*** INFORMATION PROVIDED Section Begins ***
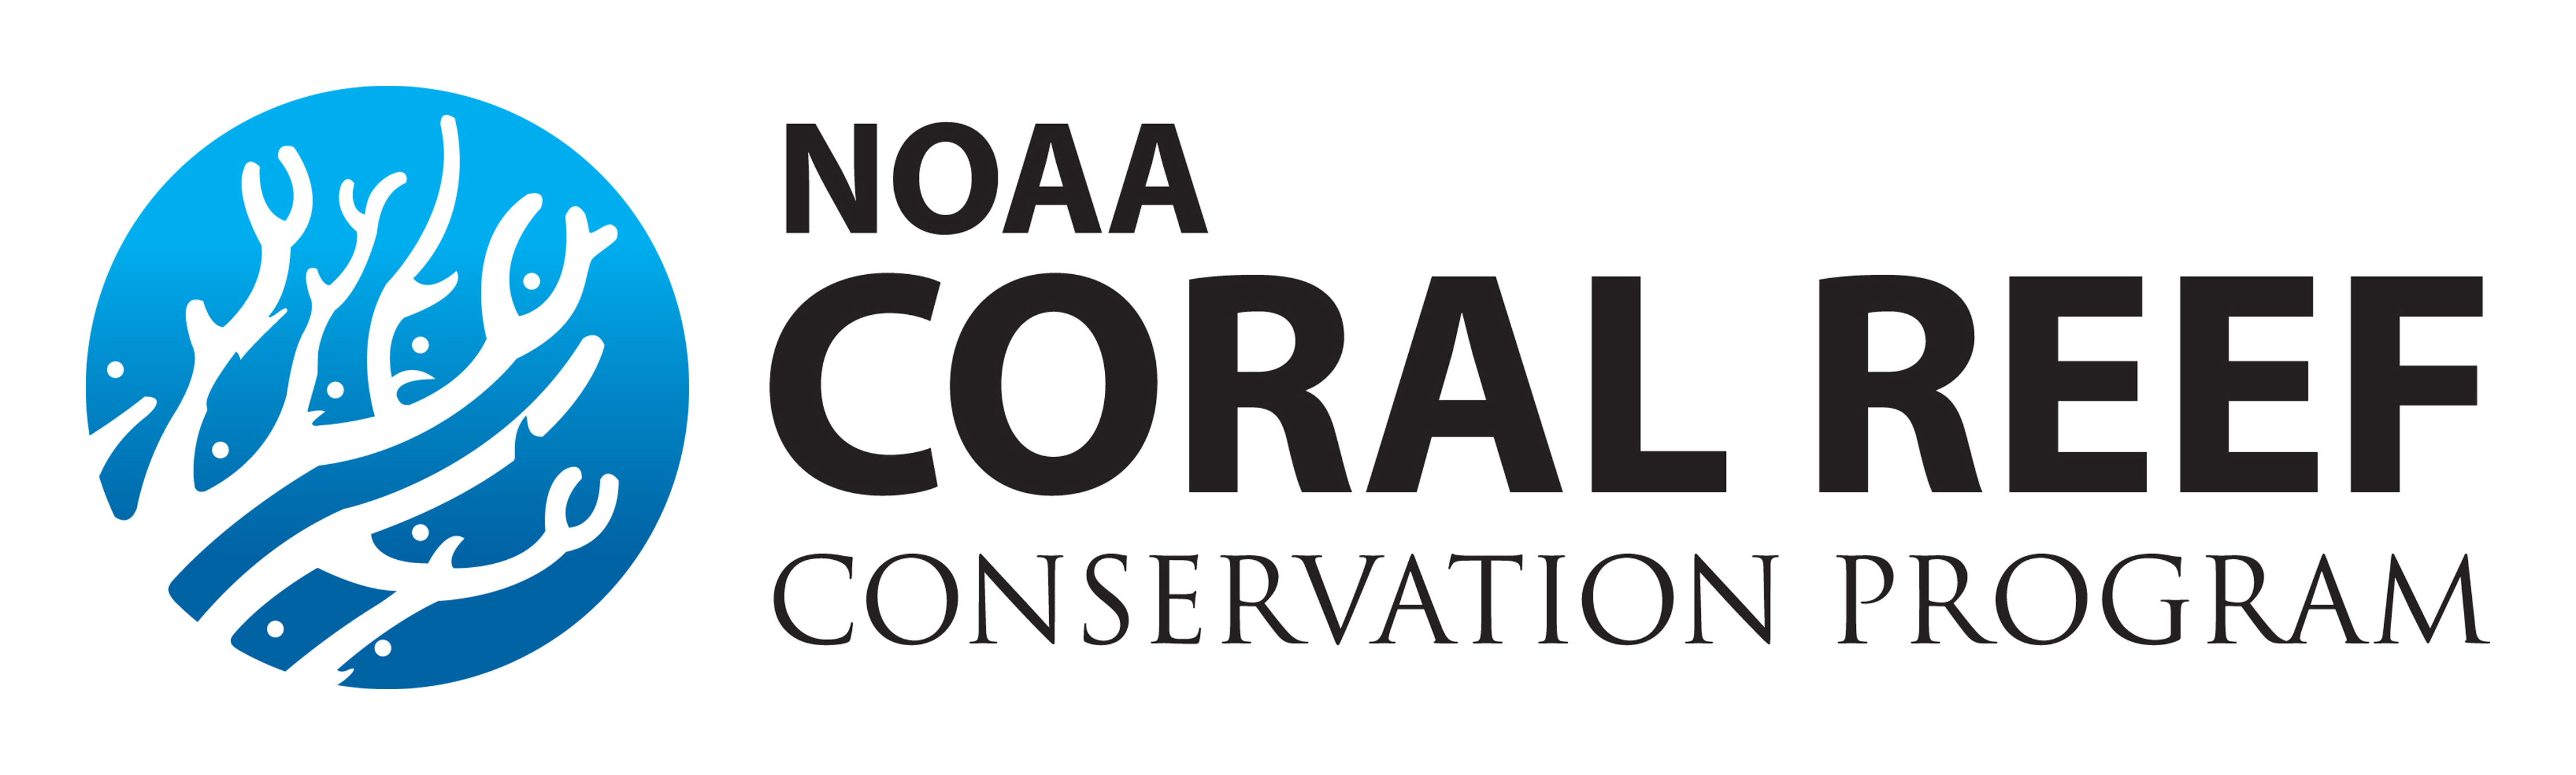 NOAA Coral Reef Conservation Program graphic identifier
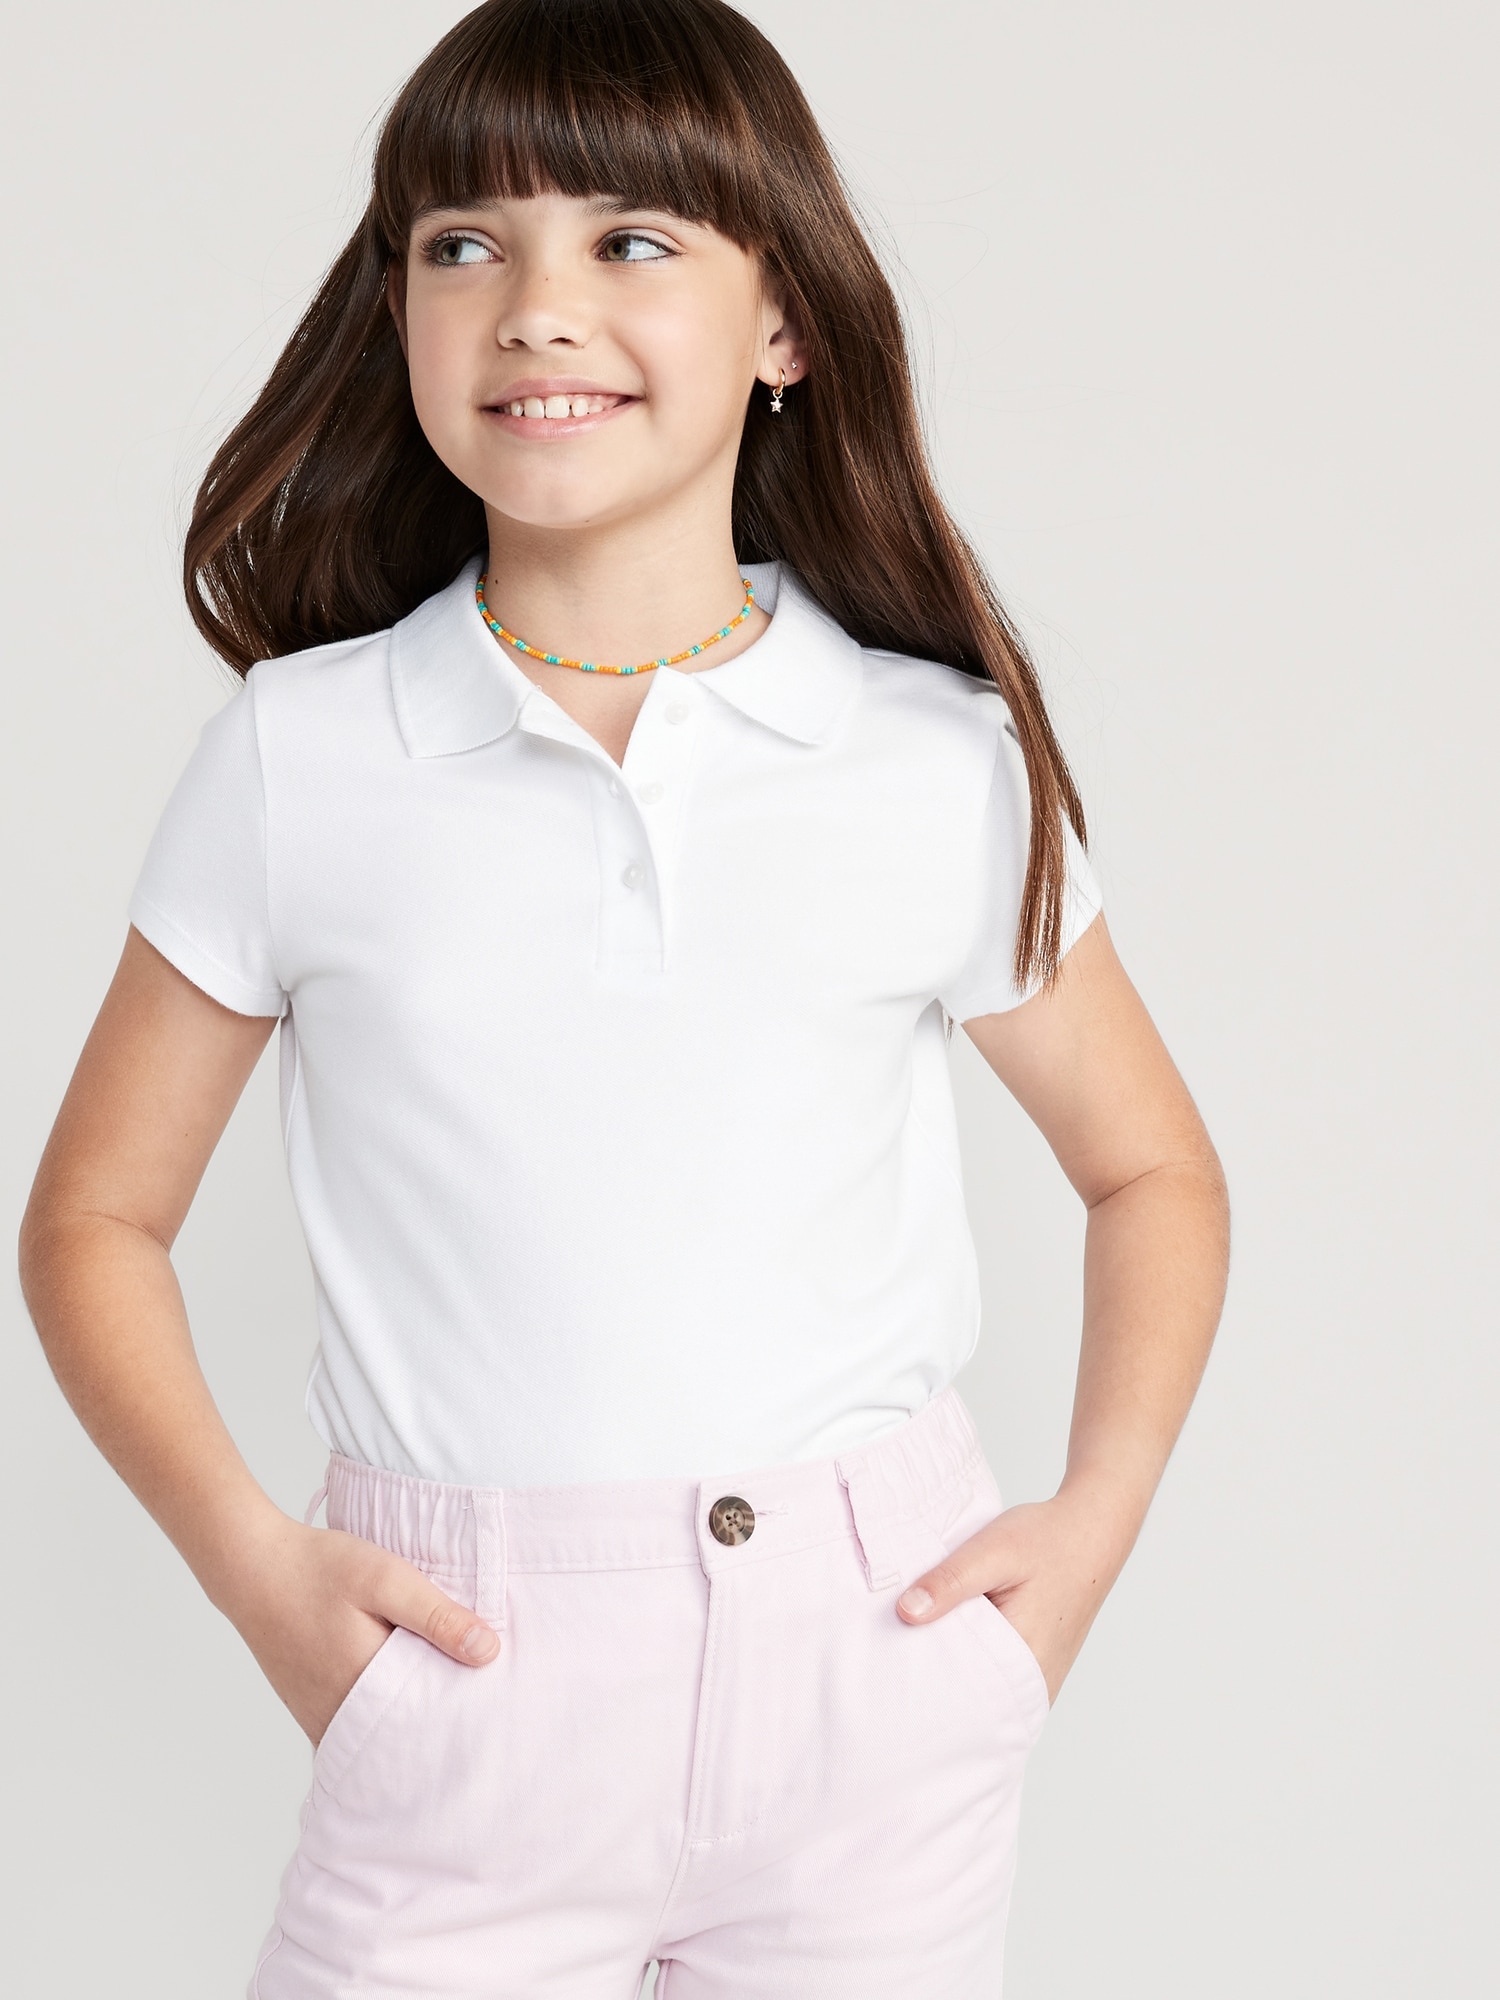 Uniform Pique Polo Shirt for Girls | Old Navy
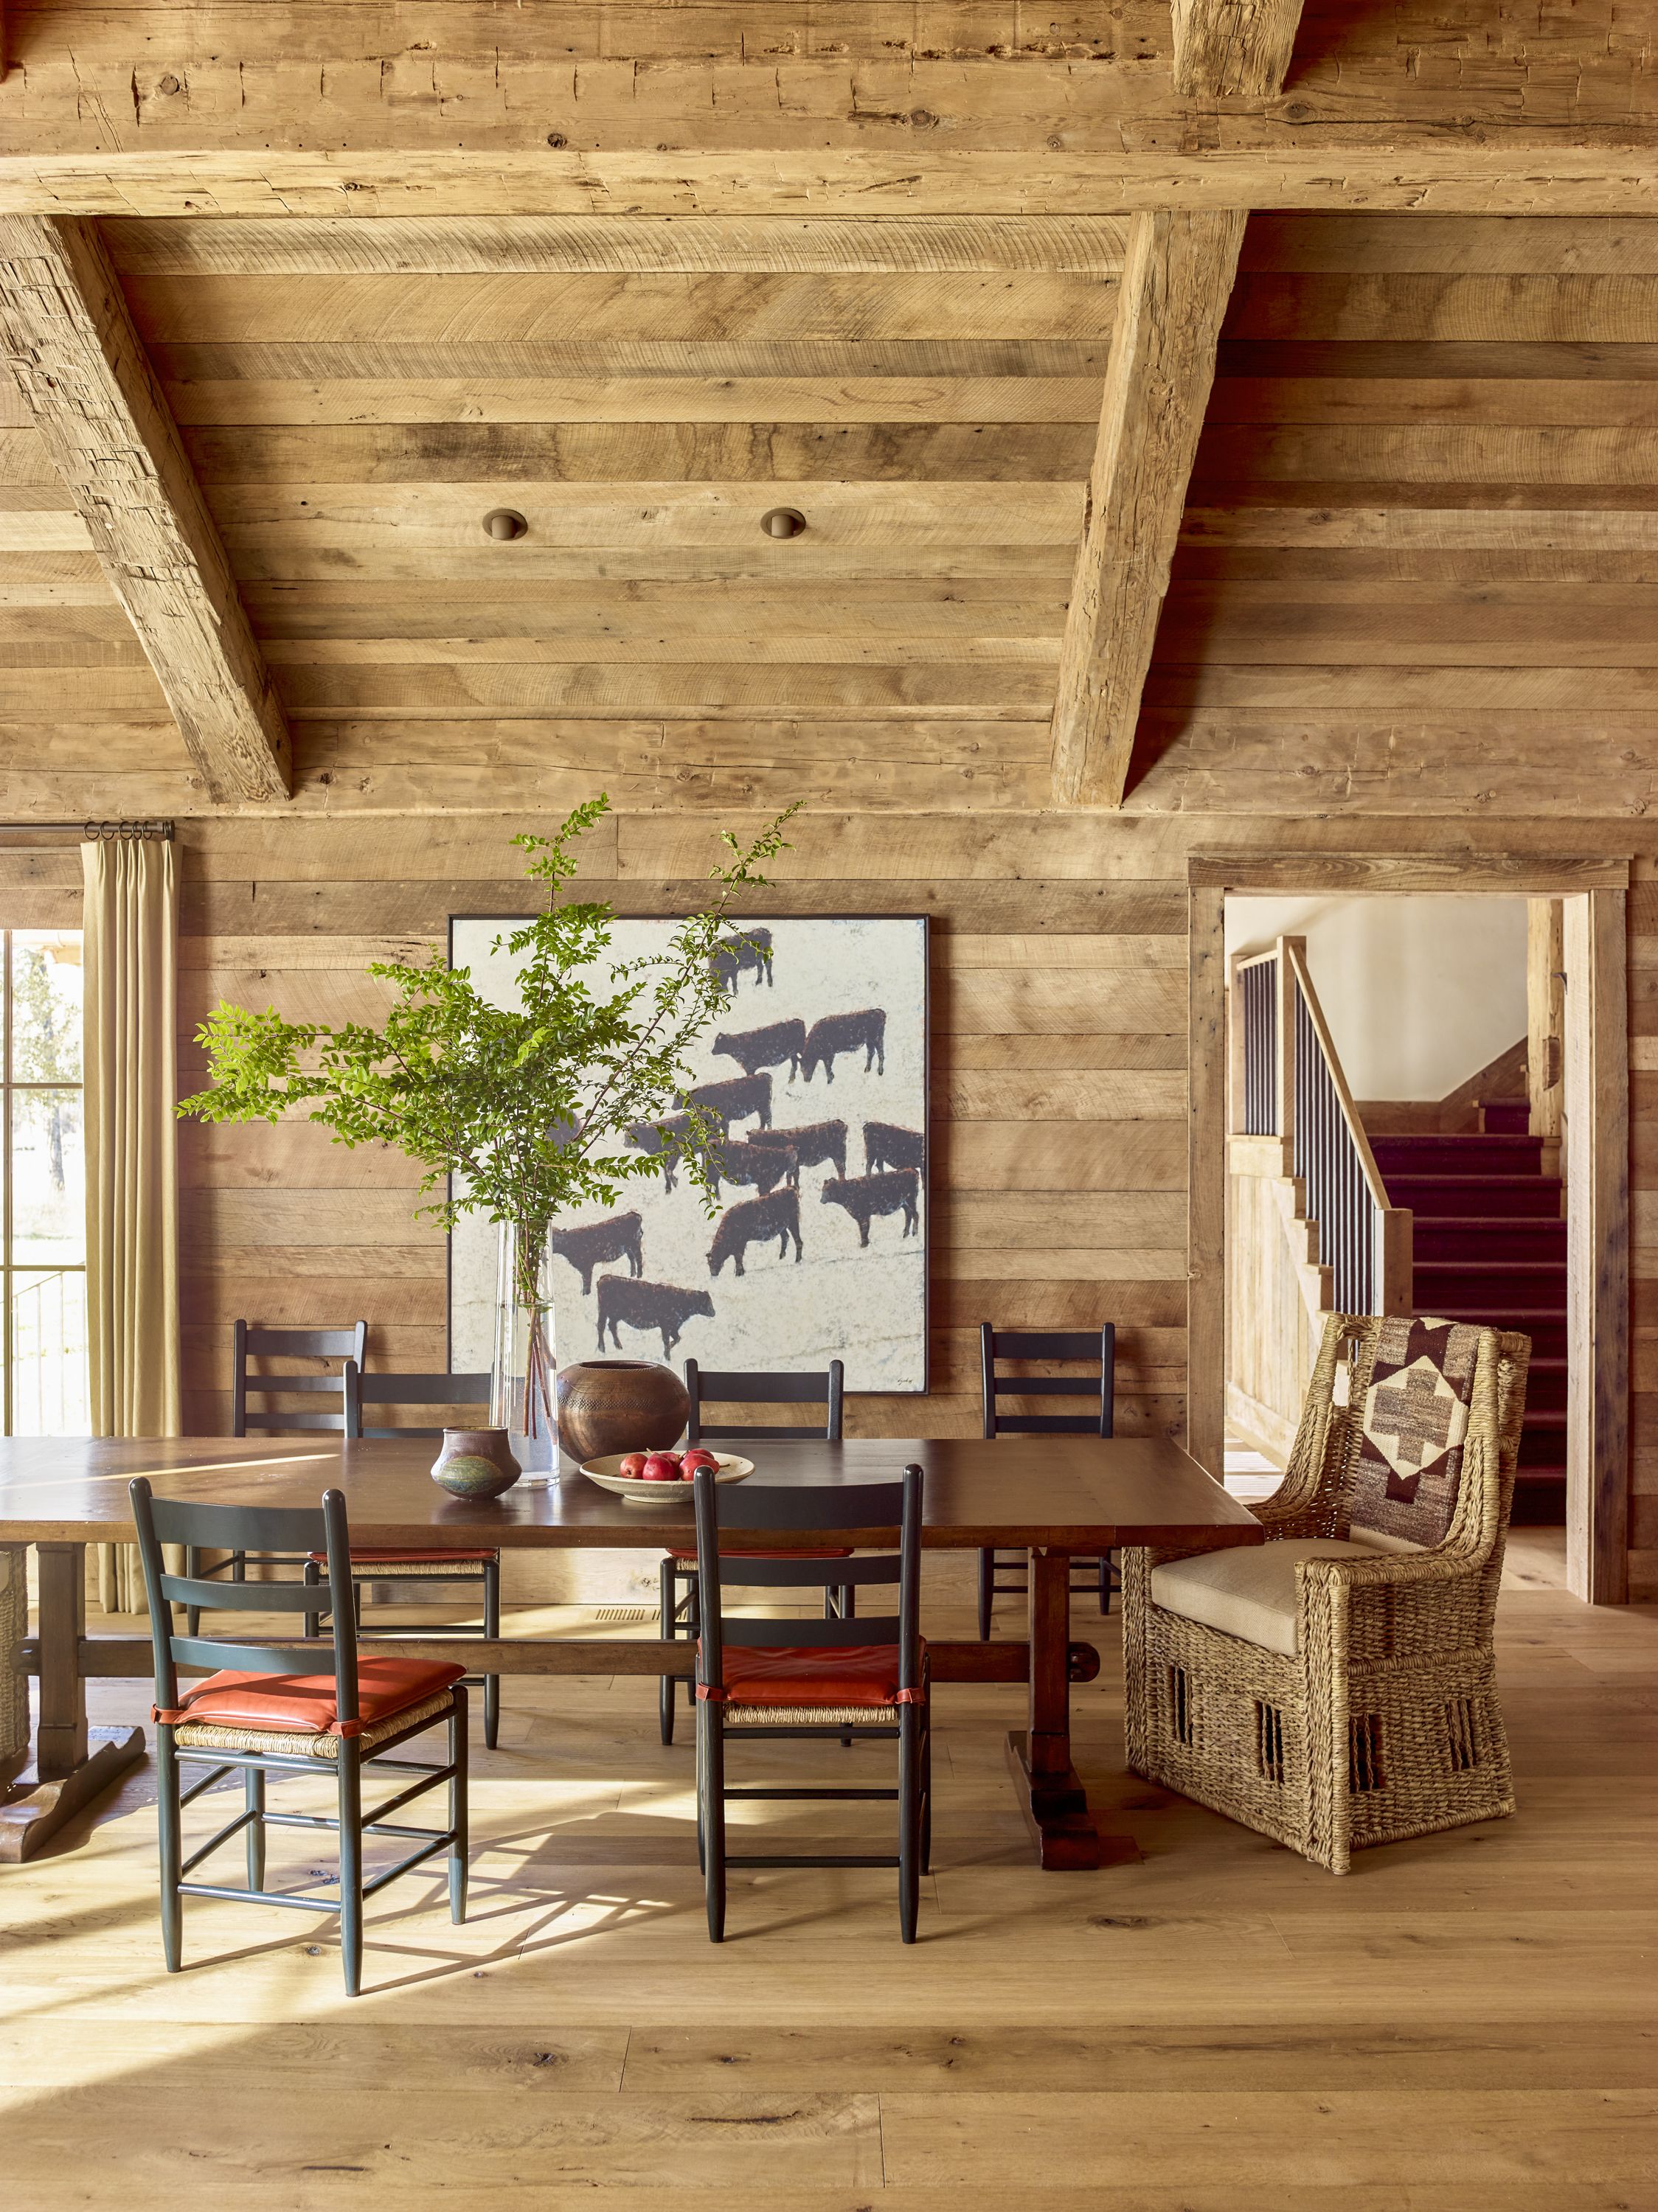 Inside the most elegant remodel you'll see in 2023 – the home of interior designer Kylee Shintaffer
*** INFORMATION PROVIDED Section Ends ***
● TASK ITEM: Every line of the material must be reproduced verbatim; the pictures are to be omitted.

● RESULT FOR THIS EXERCISE:
 NOAA Coral Reef Conservation Program graphic identifier
 Uniform Pique Polo Shirt for Girls | Old Navy
 Inside the most elegant remodel you'll see in 2023 – the home of interior designer Kylee Shintaffer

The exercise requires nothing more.